> Required work: Copy every line of the records below where the word "Party" occurs.

*** Supplied records ***

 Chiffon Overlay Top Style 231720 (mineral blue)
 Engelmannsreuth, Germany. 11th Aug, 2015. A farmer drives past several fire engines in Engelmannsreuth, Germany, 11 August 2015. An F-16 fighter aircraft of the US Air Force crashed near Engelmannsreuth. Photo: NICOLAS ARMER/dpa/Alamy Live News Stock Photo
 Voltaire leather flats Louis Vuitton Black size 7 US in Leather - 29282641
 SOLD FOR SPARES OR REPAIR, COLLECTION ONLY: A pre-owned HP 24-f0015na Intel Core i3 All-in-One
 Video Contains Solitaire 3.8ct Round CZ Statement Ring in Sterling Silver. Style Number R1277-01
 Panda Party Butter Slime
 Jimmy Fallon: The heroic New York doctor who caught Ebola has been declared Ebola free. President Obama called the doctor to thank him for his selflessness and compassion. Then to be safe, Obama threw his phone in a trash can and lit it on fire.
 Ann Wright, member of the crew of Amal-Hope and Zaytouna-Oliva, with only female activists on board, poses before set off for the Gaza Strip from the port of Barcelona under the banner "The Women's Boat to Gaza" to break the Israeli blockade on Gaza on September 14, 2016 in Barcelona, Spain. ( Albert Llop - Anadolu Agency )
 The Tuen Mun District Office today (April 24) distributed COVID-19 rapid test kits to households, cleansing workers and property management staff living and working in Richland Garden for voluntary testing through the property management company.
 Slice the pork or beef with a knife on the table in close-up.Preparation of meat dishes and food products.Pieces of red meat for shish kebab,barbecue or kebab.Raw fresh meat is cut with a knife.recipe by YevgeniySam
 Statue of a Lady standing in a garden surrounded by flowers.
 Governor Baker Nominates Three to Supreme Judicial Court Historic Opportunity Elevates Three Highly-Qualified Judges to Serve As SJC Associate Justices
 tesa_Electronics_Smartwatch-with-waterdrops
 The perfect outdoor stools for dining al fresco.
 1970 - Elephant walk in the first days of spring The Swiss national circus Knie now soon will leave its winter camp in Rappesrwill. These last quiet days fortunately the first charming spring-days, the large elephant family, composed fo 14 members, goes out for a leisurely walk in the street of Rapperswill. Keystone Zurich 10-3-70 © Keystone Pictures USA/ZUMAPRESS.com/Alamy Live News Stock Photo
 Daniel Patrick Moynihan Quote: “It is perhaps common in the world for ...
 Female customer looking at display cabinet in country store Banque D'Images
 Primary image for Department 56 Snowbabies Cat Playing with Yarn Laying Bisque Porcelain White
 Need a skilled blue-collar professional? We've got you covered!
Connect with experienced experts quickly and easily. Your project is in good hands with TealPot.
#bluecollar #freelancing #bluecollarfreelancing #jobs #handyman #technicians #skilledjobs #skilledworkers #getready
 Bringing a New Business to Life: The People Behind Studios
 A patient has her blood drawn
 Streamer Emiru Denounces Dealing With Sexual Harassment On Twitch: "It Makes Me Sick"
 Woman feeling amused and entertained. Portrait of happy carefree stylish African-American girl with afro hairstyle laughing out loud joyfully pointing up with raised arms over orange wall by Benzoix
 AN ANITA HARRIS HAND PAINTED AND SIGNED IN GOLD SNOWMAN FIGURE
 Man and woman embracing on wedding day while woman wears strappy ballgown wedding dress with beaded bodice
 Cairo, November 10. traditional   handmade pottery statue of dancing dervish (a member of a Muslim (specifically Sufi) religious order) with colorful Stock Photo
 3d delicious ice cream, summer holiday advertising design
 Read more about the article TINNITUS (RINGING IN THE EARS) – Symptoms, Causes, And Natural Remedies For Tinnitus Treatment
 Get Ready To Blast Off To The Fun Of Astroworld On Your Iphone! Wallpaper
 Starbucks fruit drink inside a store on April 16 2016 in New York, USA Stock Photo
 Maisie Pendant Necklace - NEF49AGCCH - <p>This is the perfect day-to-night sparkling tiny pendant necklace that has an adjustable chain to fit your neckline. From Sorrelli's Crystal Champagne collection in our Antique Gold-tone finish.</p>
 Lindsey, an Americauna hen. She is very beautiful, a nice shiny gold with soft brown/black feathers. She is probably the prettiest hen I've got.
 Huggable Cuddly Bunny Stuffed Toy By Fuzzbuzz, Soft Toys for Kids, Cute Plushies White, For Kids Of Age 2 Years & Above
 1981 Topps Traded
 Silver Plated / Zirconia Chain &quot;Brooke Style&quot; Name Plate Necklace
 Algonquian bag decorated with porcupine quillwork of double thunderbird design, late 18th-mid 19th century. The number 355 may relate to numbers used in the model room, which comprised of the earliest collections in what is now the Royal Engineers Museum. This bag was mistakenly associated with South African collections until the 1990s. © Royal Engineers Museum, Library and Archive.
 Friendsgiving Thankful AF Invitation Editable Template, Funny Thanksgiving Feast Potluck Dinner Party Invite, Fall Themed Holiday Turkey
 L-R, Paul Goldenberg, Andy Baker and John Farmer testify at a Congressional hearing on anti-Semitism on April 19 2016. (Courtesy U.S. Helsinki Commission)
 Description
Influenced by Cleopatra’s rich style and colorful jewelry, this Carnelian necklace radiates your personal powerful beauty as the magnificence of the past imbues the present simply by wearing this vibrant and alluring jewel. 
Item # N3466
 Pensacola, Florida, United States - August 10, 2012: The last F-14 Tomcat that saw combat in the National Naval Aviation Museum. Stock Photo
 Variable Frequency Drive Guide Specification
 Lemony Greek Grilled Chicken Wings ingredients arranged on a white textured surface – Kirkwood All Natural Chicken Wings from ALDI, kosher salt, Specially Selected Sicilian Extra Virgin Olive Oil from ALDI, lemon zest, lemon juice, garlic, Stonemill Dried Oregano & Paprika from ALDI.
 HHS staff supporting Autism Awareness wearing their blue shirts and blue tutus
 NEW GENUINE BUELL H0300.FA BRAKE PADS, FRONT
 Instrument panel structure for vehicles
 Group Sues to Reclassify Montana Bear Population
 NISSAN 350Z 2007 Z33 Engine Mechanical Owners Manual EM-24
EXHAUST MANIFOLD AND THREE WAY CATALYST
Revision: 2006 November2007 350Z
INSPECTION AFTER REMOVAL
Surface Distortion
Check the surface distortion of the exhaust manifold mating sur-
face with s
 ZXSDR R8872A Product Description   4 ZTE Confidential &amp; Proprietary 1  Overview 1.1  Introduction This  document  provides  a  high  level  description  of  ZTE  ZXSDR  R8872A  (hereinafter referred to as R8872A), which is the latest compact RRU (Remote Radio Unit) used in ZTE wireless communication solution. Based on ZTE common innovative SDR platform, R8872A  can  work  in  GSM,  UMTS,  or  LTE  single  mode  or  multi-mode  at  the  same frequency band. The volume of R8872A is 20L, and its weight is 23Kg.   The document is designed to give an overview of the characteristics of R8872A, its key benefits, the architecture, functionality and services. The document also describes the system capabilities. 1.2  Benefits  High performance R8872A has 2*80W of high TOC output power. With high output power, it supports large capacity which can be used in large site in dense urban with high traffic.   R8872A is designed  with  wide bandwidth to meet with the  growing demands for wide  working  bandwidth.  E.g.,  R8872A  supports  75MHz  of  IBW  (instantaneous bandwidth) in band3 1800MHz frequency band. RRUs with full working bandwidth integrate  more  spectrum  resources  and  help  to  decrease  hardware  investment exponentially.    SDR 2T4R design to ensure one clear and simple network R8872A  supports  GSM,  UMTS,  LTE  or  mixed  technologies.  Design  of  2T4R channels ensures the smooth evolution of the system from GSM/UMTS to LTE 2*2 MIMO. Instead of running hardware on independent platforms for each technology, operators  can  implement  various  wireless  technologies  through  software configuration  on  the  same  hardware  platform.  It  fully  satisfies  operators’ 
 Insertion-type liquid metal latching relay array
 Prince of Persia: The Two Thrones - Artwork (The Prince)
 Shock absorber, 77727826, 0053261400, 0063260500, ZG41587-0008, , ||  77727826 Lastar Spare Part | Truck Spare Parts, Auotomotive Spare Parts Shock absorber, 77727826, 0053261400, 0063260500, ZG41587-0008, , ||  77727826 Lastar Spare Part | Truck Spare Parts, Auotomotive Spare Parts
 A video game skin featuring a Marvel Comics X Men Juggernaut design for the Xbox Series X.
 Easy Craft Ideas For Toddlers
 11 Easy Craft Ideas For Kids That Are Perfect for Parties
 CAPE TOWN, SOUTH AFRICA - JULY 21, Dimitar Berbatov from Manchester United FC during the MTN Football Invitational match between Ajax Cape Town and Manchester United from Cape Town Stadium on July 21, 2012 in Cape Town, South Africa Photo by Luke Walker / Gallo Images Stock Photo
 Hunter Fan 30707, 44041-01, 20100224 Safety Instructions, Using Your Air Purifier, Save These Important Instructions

*** End of Supplied records ***

> Expected answer:
 Panda Party Butter Slime
 Friendsgiving Thankful AF Invitation Editable Template, Funny Thanksgiving Feast Potluck Dinner Party Invite, Fall Themed Holiday Turkey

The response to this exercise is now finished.